● **INPUT DATA**
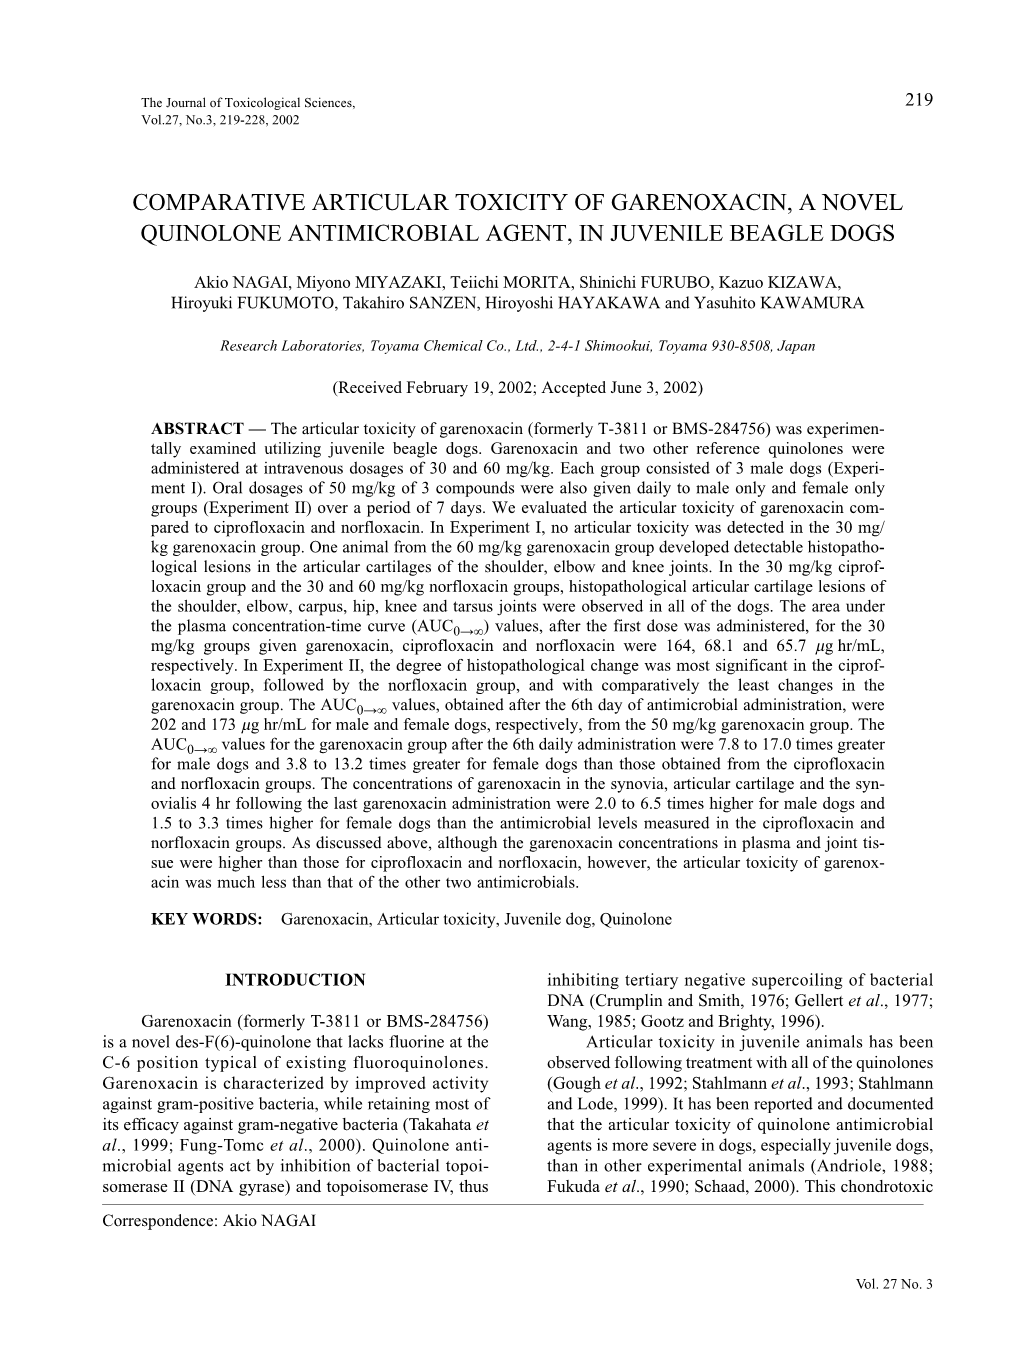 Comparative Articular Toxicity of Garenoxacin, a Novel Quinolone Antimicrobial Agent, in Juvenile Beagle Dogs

...

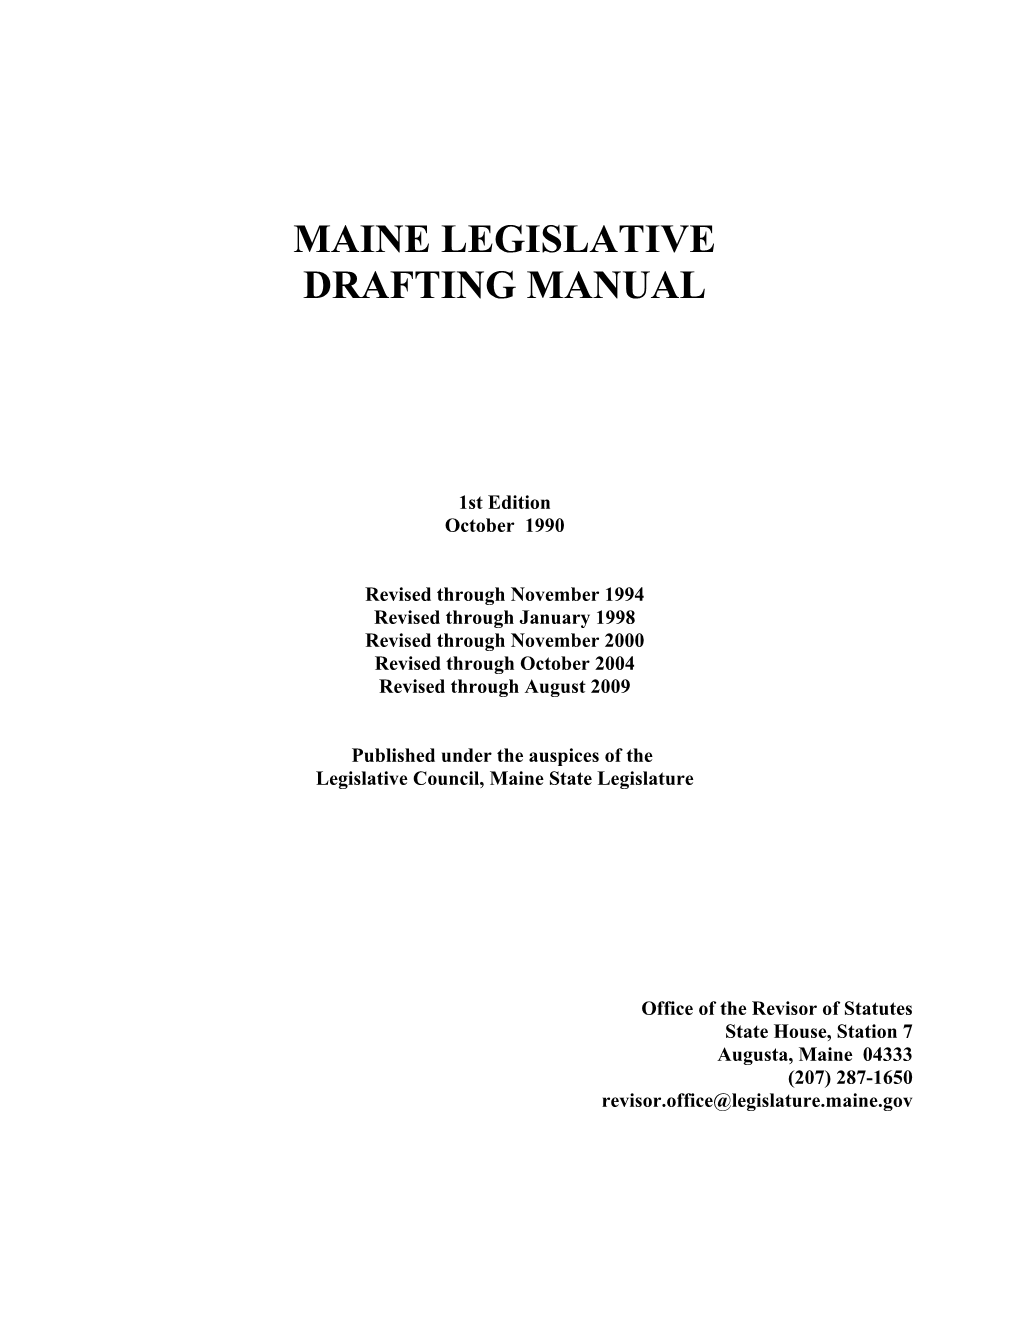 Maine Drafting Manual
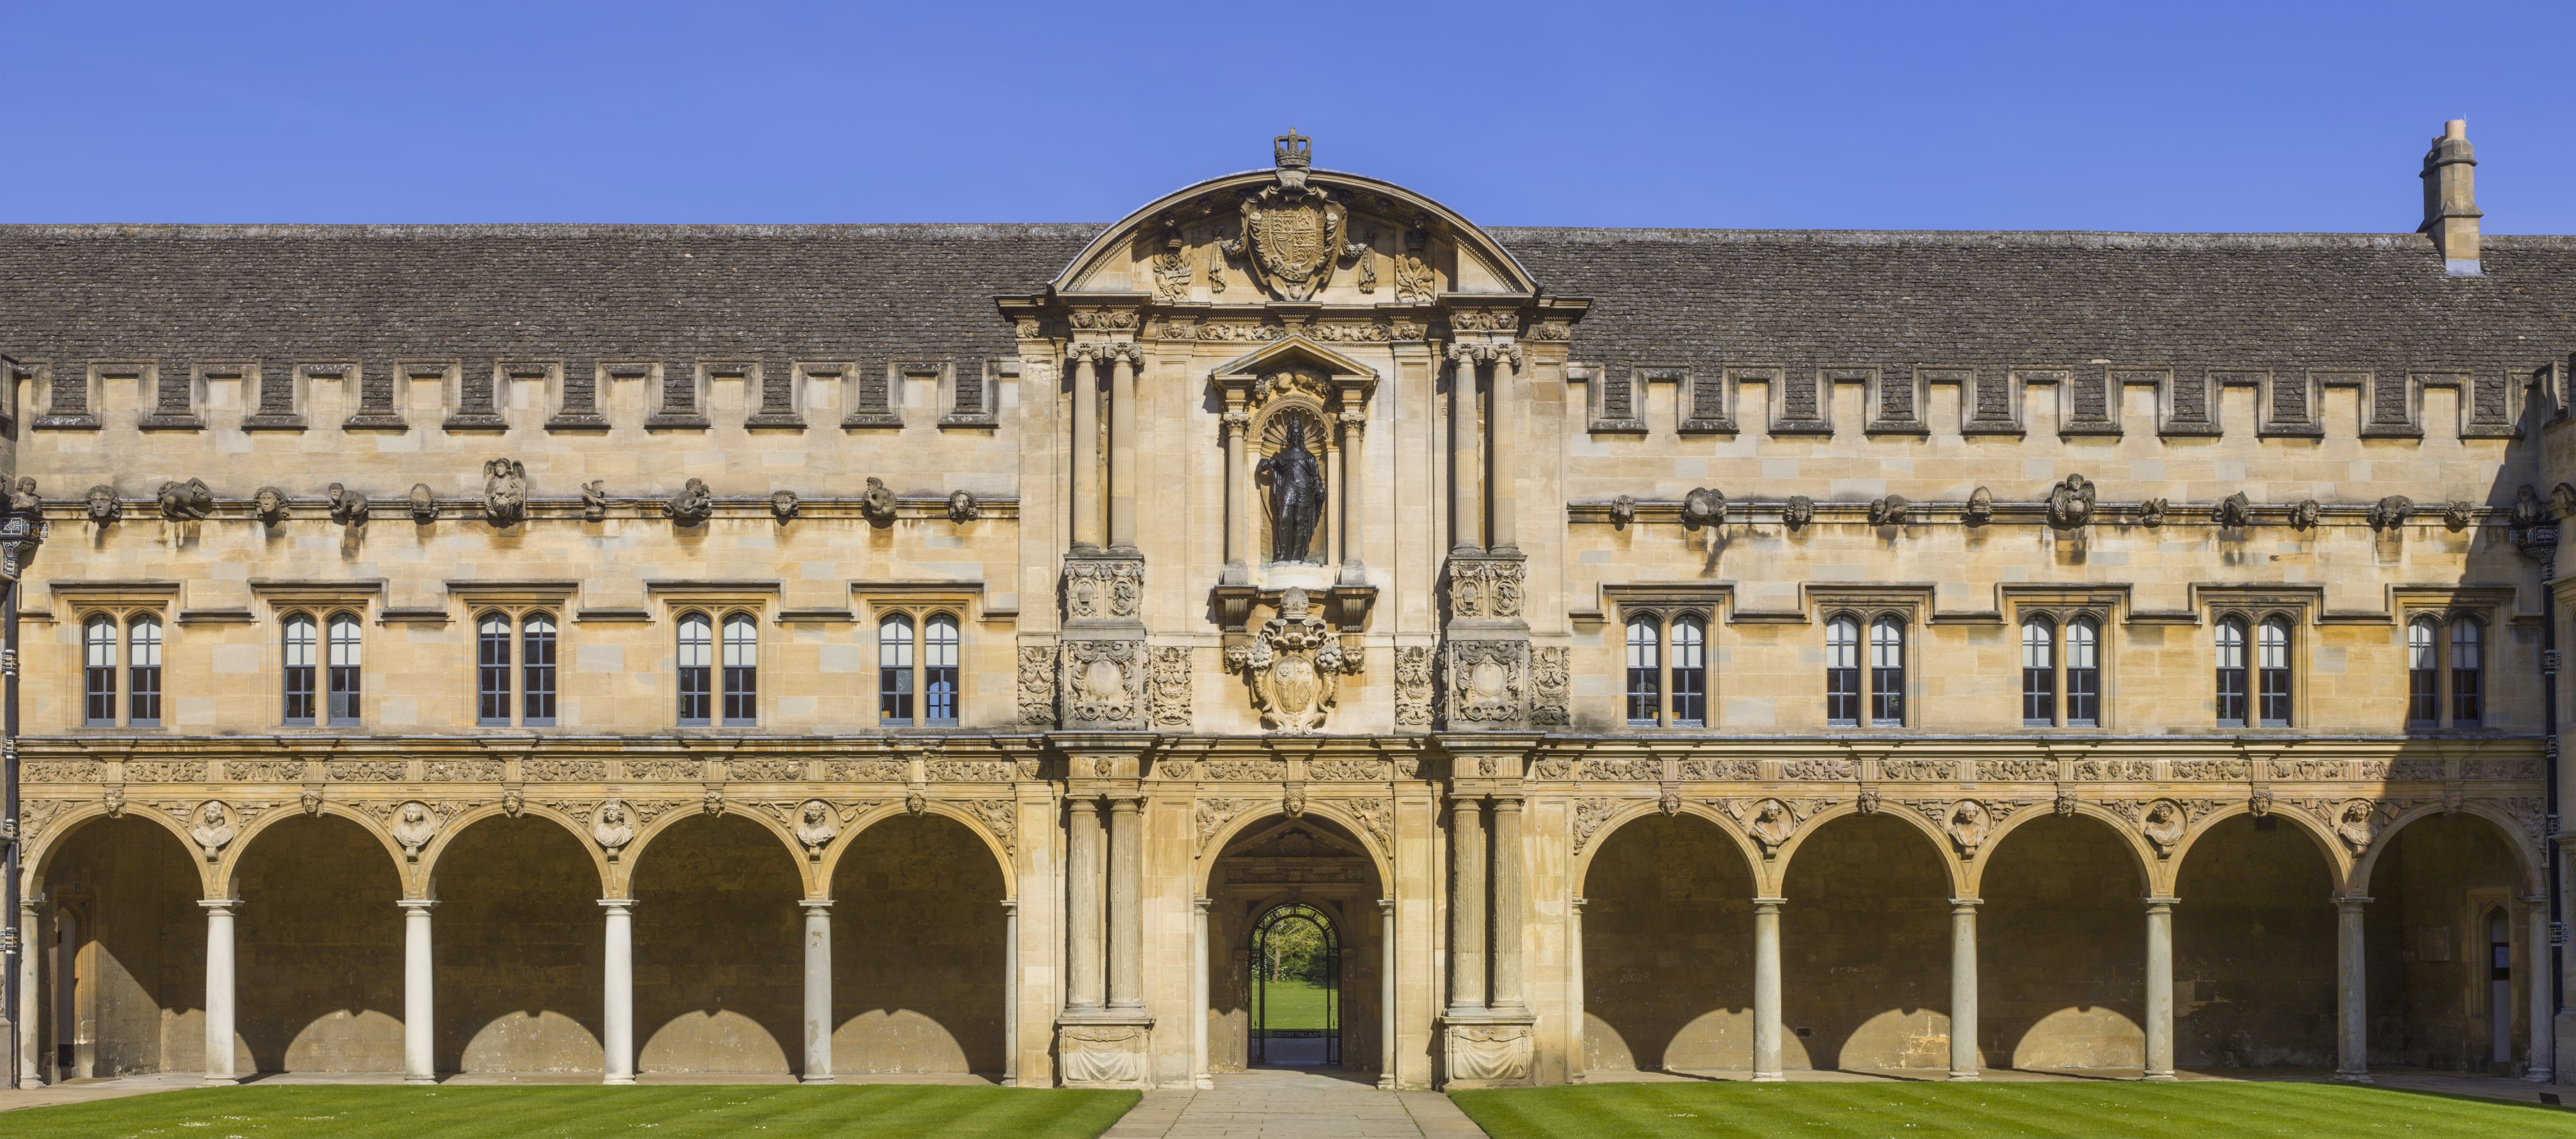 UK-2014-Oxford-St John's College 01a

● **AIM OF THE EXERCISE**
Using the data above, which lines fall from the one with "Maine Drafting Manual" through the one with "UK-2014-Oxford-St John's College 01a"? Repeat them exactly, ends included, minus any pictures.

● **SOLUTION FOR THIS EXERCISE**
 Maine Drafting Manual
 UK-2014-Oxford-St John's College 01a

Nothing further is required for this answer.